One alternative method of transporting natural gas involves converting natural gas into a liquefied form through a liquefaction process. In its liquefied form, natural gas has a specific volume that is significantly lower than its specific volume in its gaseous form. Thus, the liquefaction process greatly increases the ease of transporting and storing natural gas, particularly in cases where pipelines are not available. For example, ocean liners carrying LNG tanks can effectively link a natural gas source with a distant market when the source and market are separated by large bodies of water. Converting natural gas to its liquefied form can have other economic benefits. For example, storing LNG can help balance out periodic fluctuations in natural gas supply and demand. In particular, LNG can be more easily “stockpiled” for later use when natural gas demand is low and/or supply is high. As a result, future demand peaks can be met with LNG from storage, which can be vaporized as demand requires.
Several methods exist for liquefying natural gas. Some methods produce a pressurized LNG (PLNG) product that is useful, but requires expensive pressure-containing vessels for storage and transportation. Other methods produce an LNG product having a pressure at or near atmospheric pressure. In general, these non-pressurized LNG production methods involve cooling a natural gas stream through indirect heat exchange with one or more refrigerants and then expanding the cooled natural gas stream to near atmospheric pressure. In addition, most LNG facilities employ one or more systems to remove contaminants (e.g., water, mercury and mercury components, acid gases, and nitrogen, as well as a portion of ethane and heavier components) from the natural gas stream at different points during the liquefaction process.
In order to store and transport natural gas in the liquid state, the natural gas is typically cooled to −240° F. to −260° F. at near-atmospheric vapor pressure. Liquefaction of natural gas can be achieved by sequentially passing the natural gas at an elevated pressure through a plurality of cooling stages whereupon the gas is cooled to successively lower temperatures until liquefaction temperature is reached. Cooling is generally accomplished by indirect heat exchange with one or more refrigerants such as propane, propylene, ethane, ethylene, methane, nitrogen, carbon dioxide, or combinations of the preceding refrigerants (e.g., mixed refrigerant systems).
Natural gas is primarily comprised of methane, but may also include small amounts of heavy hydrocarbon components. In some cases, the heavy hydrocarbon components may be utilized as natural gas liquid (“NGL”) that includes components such as, but not limited to, ethane, propane, normal butane and iso-butane. Heavier heavy hydrocarbon components will often require at least partial removal as they freeze in LNG streams if present in sufficiently high concentrations. Examples of heavier heavy hydrocarbon components may include, but are not limited to, benzene, cyclohexane, toluene, ethylbenzene, xylene isomers, and certain isomers of: pentane, hexane, heptane, octane, nonane, and decane, and the like.
Some conventional LNG facilities employ a refluxed heavies removal column in order to enhance heavies removal as compared to facilities employing non-refluxed heavies removal column. In general, hydrocarbon reflux must meet appropriate quality and quantity standards to achieve effective and efficient removal of heavy hydrocarbons. At least one cascade liquefaction process utilizes a debutanizer to provide reflux to the heavies removal column. Thus, “lean” natural gases sources lacking adequate amounts of C2-C4 hydrocarbons may not be compatible with certain cascade liquefaction processes requiring a refluxed heavies removal column because of difficulty of generating sufficient quantities of reflux stream with satisfactory composition. Still, lean natural gases may contain significant amounts of C6+ hydrocarbons that can freeze and/or deposit in downstream cryogenic liquefaction equipment.

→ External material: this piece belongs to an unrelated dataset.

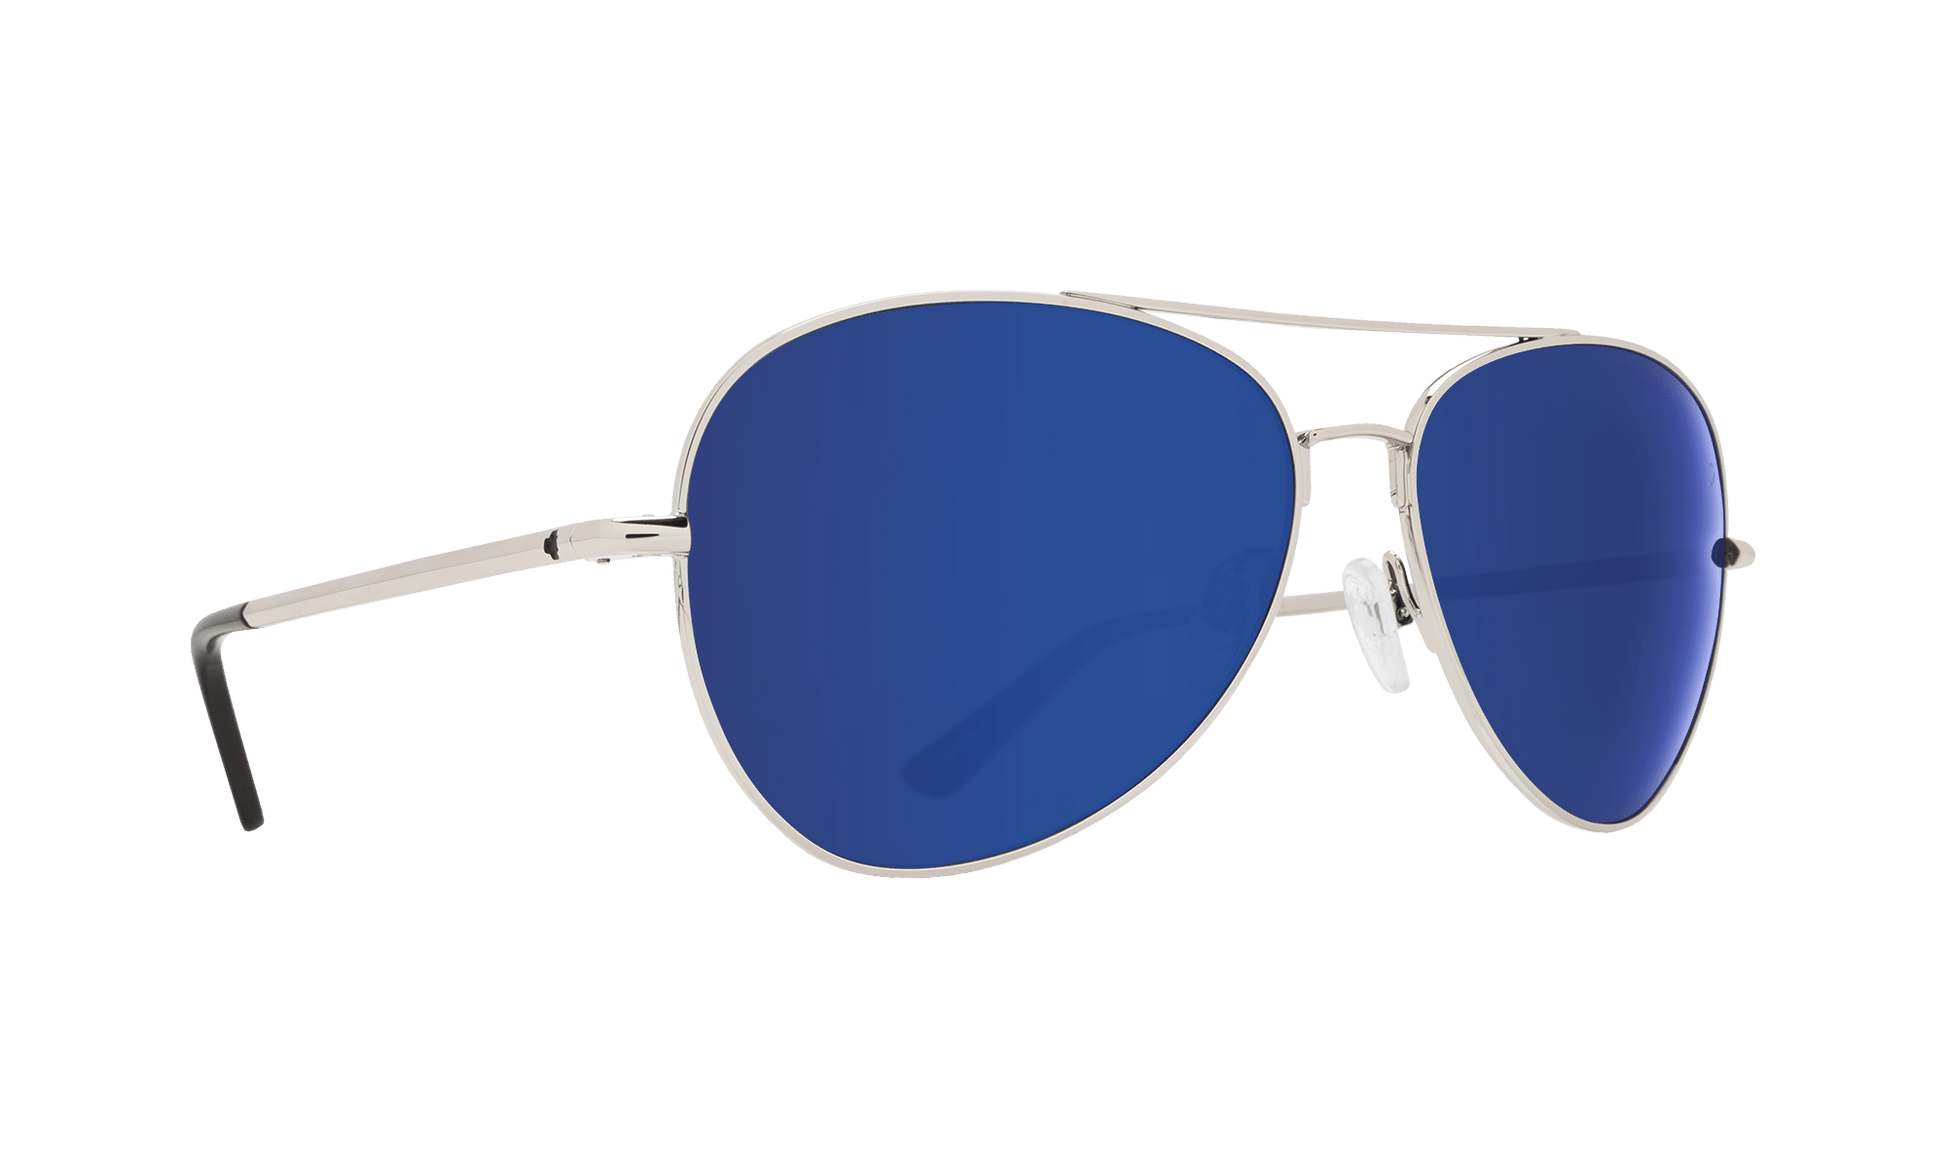 SPY Whistler Sunglasses  Happy Gray Green with Dark Blue Spectra Silver  58-14-140

The present invention relates generally to methods for liquefying natural gas. More particularly, but not by way of limitation, embodiments of the present invention include systems and methods for removing heavy hydrocarbons from natural gas using mixed-refluxed heavy removal columns.

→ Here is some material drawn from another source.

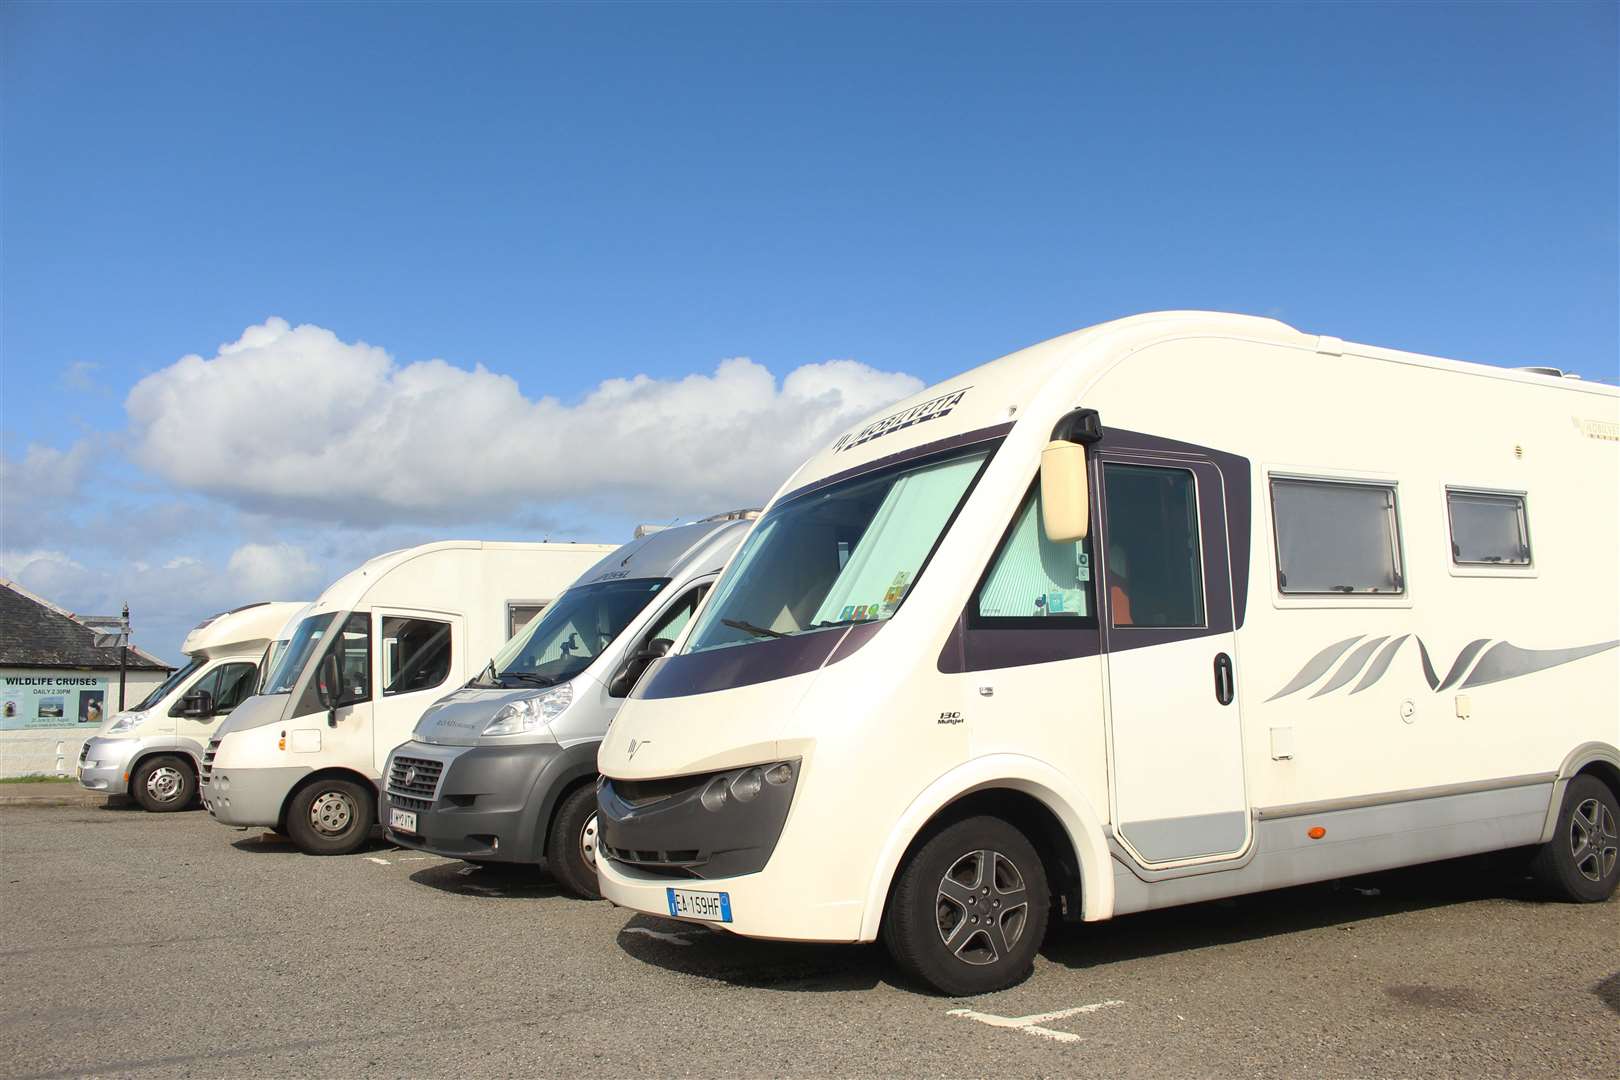 Campervans in the John O'Groats car park this summer. The village is a key destination on the North Coast 500 route.

One example of a method for liquefying a natural gas stream comprises: (a) cooling at least a portion of the natural gas stream in an upstream refrigeration cycle of a liquefaction process to produce a cooled natural gas stream; (b) separating via a first distillation column the cooled natural gas stream into a first top fraction and a first bottom fraction, wherein the first distillation column is a heavies removal column and the top fraction does not freeze in a subsequent downstream step of the liquefaction process; (c) separating via a second distillation column the first bottom fraction into a second top fraction and a second bottom fraction; (d) separating via a third distillation column the second bottom fraction into a third top fraction and a third bottom fraction; (e) combining at least a portion of the second top fraction and a portion of the third top fraction to form a mixed-reflux stream; and (f) introducing the mixed-reflux stream into the first distillation column.
Another example of a method for liquefying a natural gas stream comprises: (a) cooling at least a portion of the natural gas stream in an upstream refrigeration cycle of a liquefaction process to produce a cooled natural gas stream; (b) separating via a first distillation column the cooled natural gas stream into a first top fraction and a first bottom fraction, wherein the first fraction does not freeze in a subsequent downstream step of the liquefaction process; (c) separating via a second distillation column the first bottom fraction into a second top fraction and a second bottom fraction, wherein the second top fraction at least a portion of a reflux stream; (d) optionally separating via a third distillation column the second bottom fraction into a third top fraction and a third bottom fraction, wherein the third top fraction forms a portion of the reflux stream; and (e) introducing the reflux stream into the first distillation column.
A more complete understanding of the present invention and benefits thereof may be acquired by referring to the follow description taken in conjunction with the accompanying drawings in which:
Reference will now be made in detail to embodiments of the invention, one or more examples of which are illustrated in the accompanying drawings. Each example is provided by way of explanation of the invention, not as a limitation of the invention. It will be apparent to those skilled in the art that various modifications and variations can be made in the present invention without departing from the scope or spirit of the invention. For instance, features illustrated or described as part of one embodiment can be used on another embodiment to yield a still further embodiment. Thus, it is intended that the present invention cover such modifications and variations that come within the scope of the invention.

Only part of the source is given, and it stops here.